- **What is required**: An exact repetition of the data below, without images, is the expected answer.

- **Input data**:
Start of Block
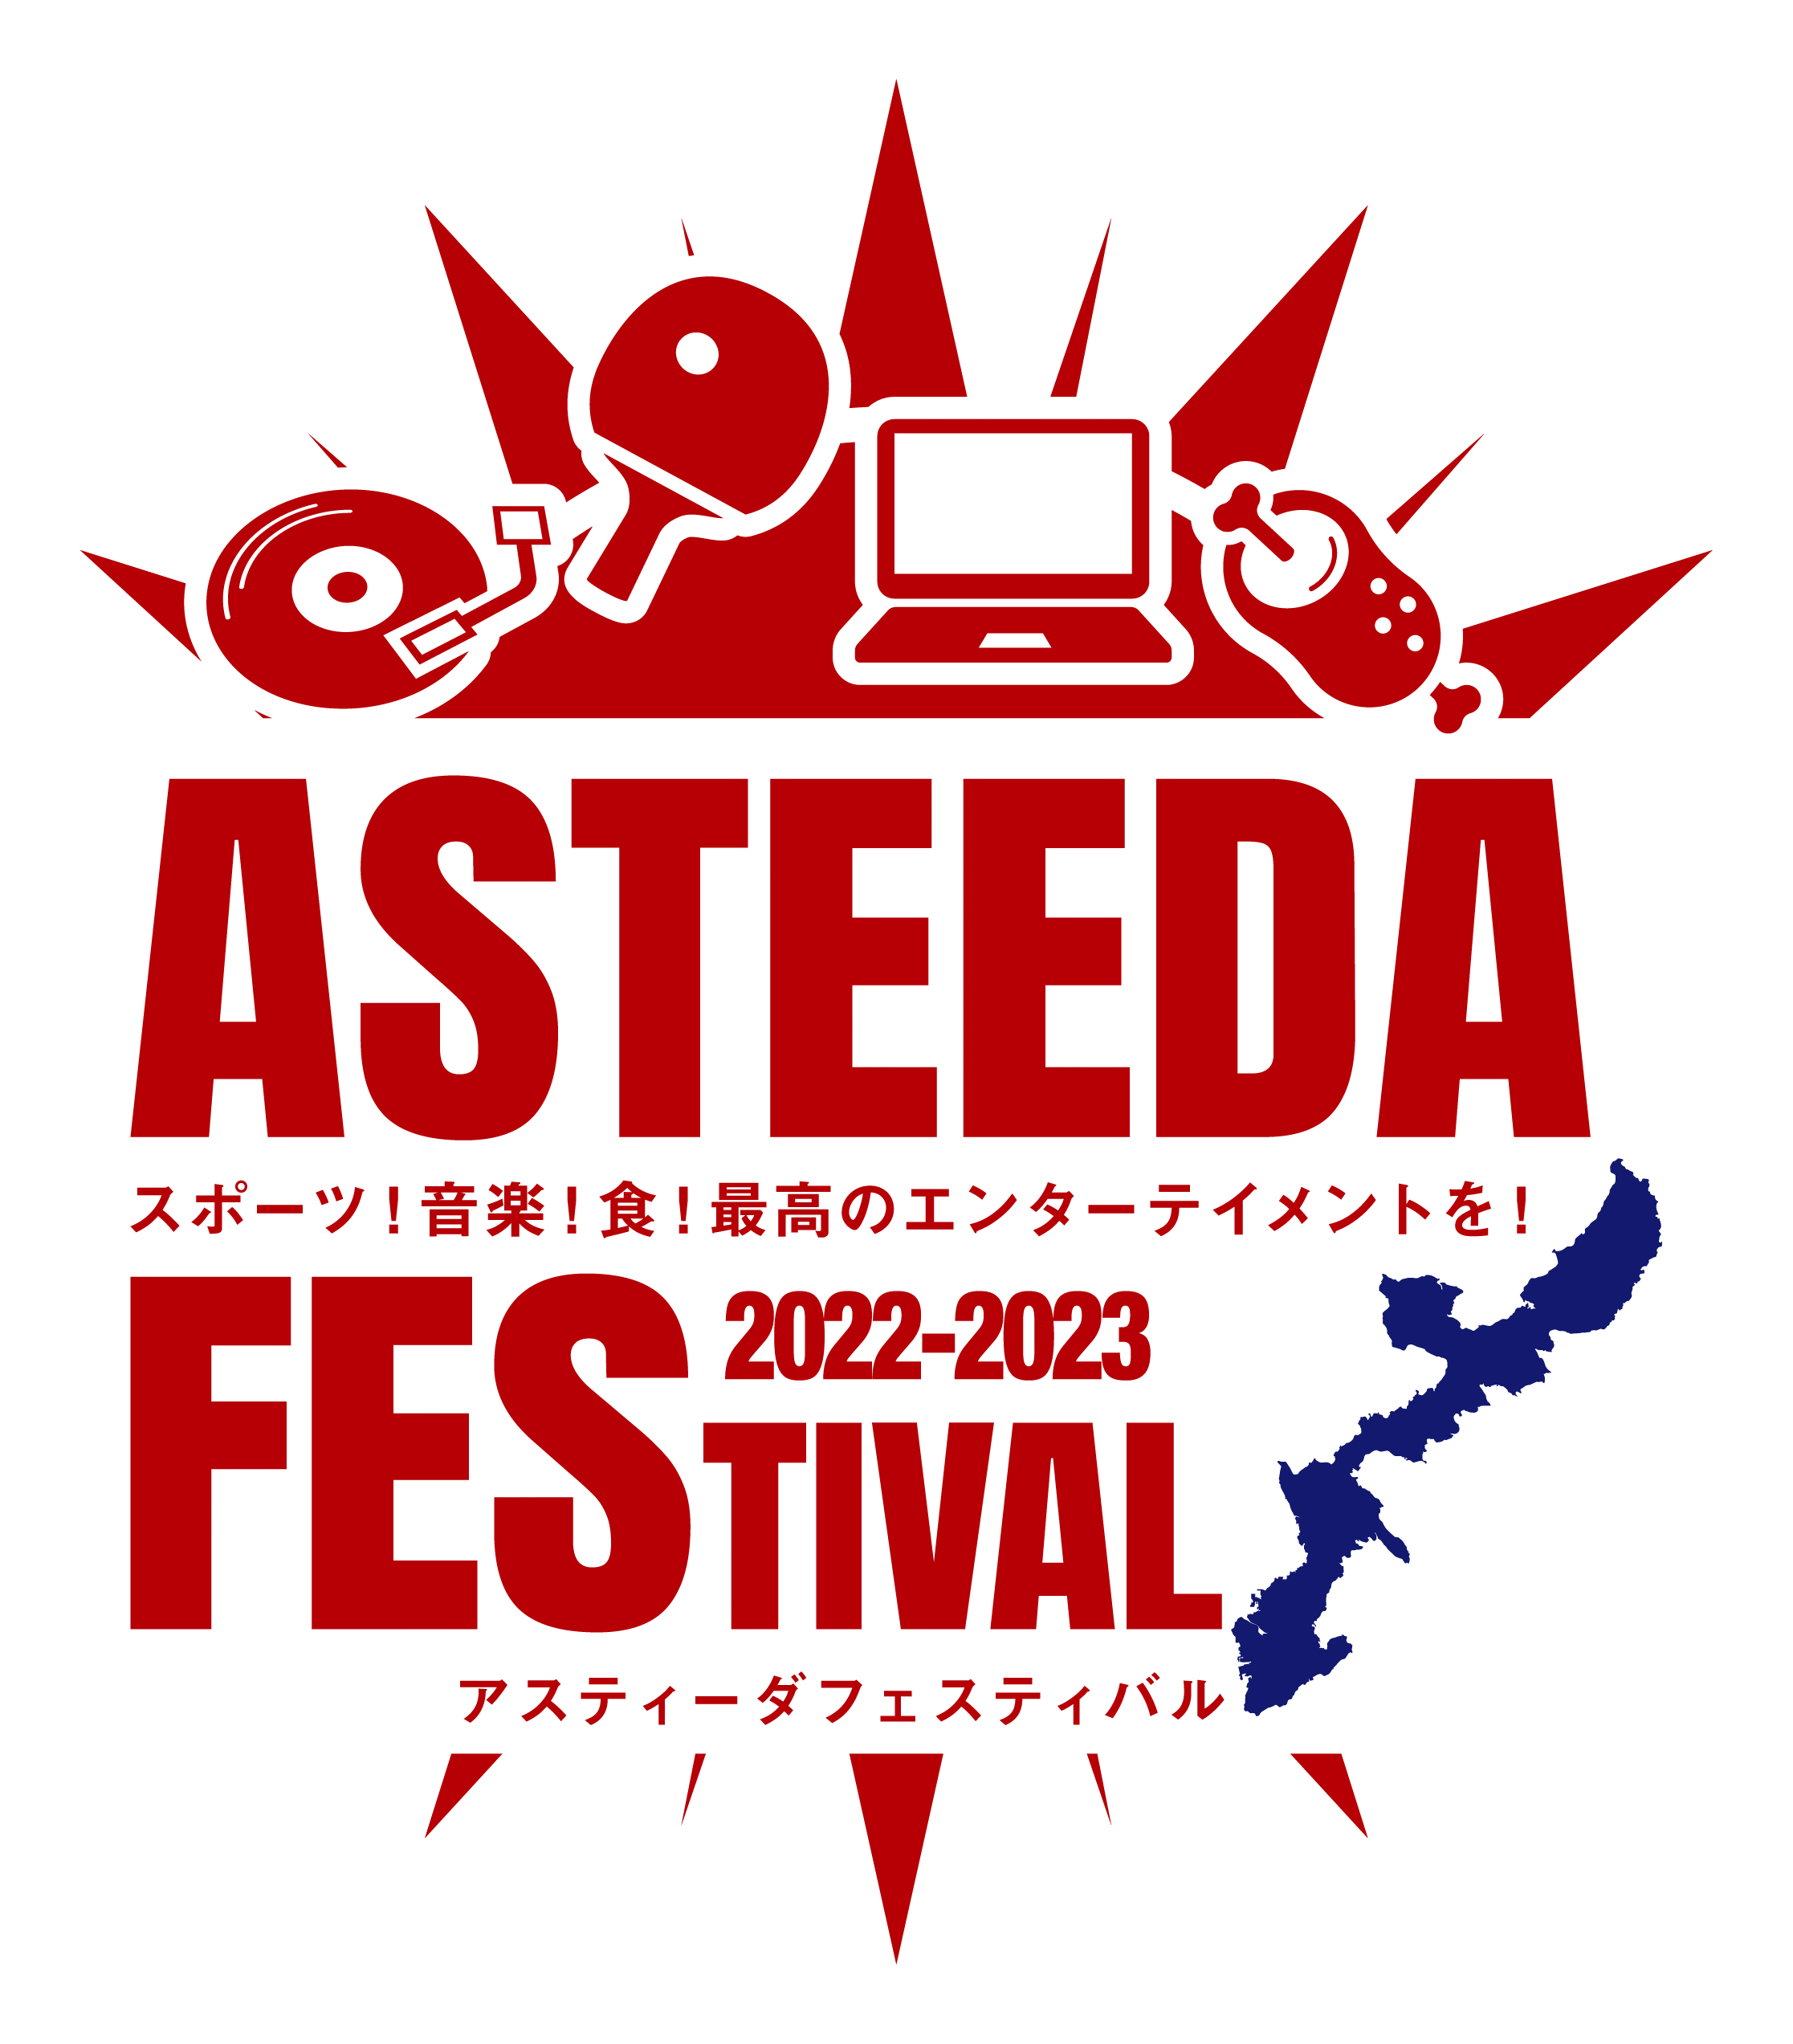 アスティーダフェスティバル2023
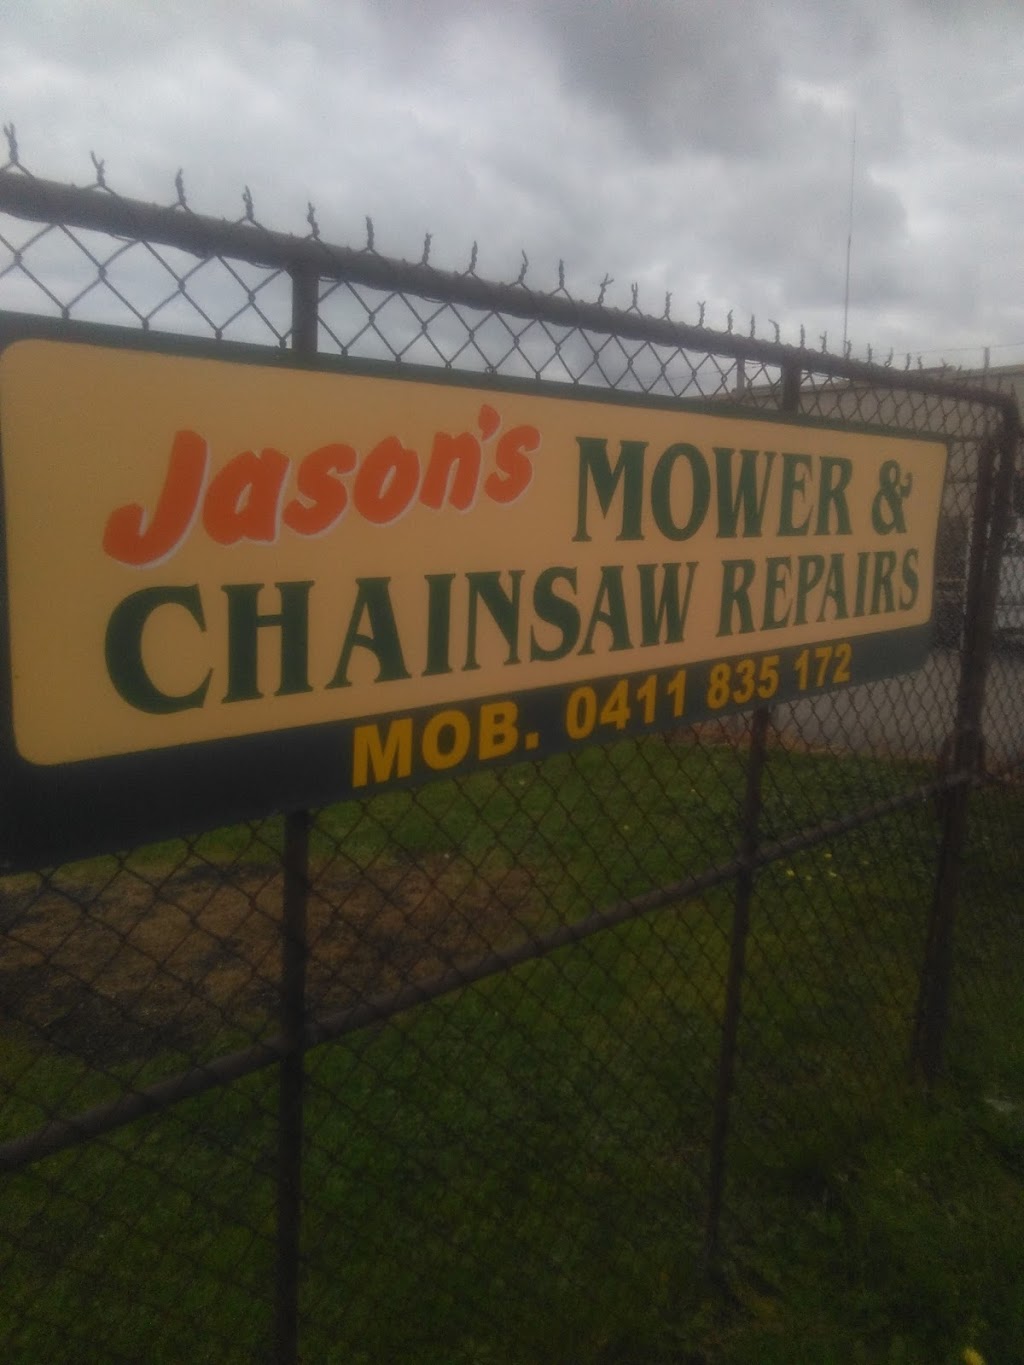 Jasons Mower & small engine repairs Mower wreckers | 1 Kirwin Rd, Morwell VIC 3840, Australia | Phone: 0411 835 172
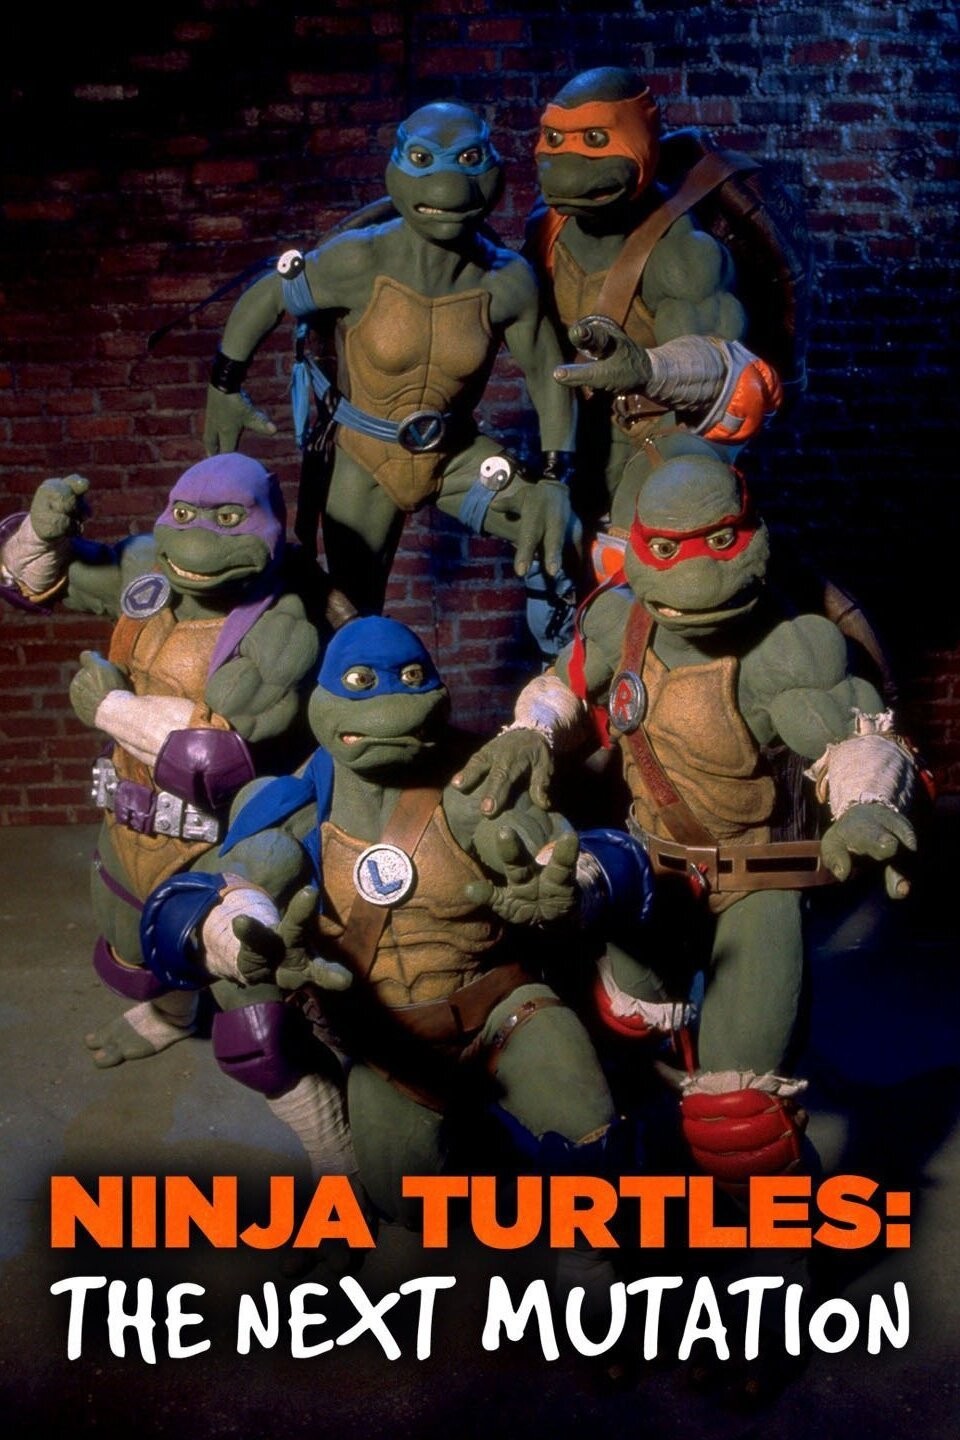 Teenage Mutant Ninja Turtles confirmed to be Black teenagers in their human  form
End of Block
- **Response**:
 アスティーダフェスティバル2023
 Jasons Mower & small engine repairs Mower wreckers | 1 Kirwin Rd, Morwell VIC 3840, Australia | Phone: 0411 835 172
 Teenage Mutant Ninja Turtles confirmed to be Black teenagers in their human  form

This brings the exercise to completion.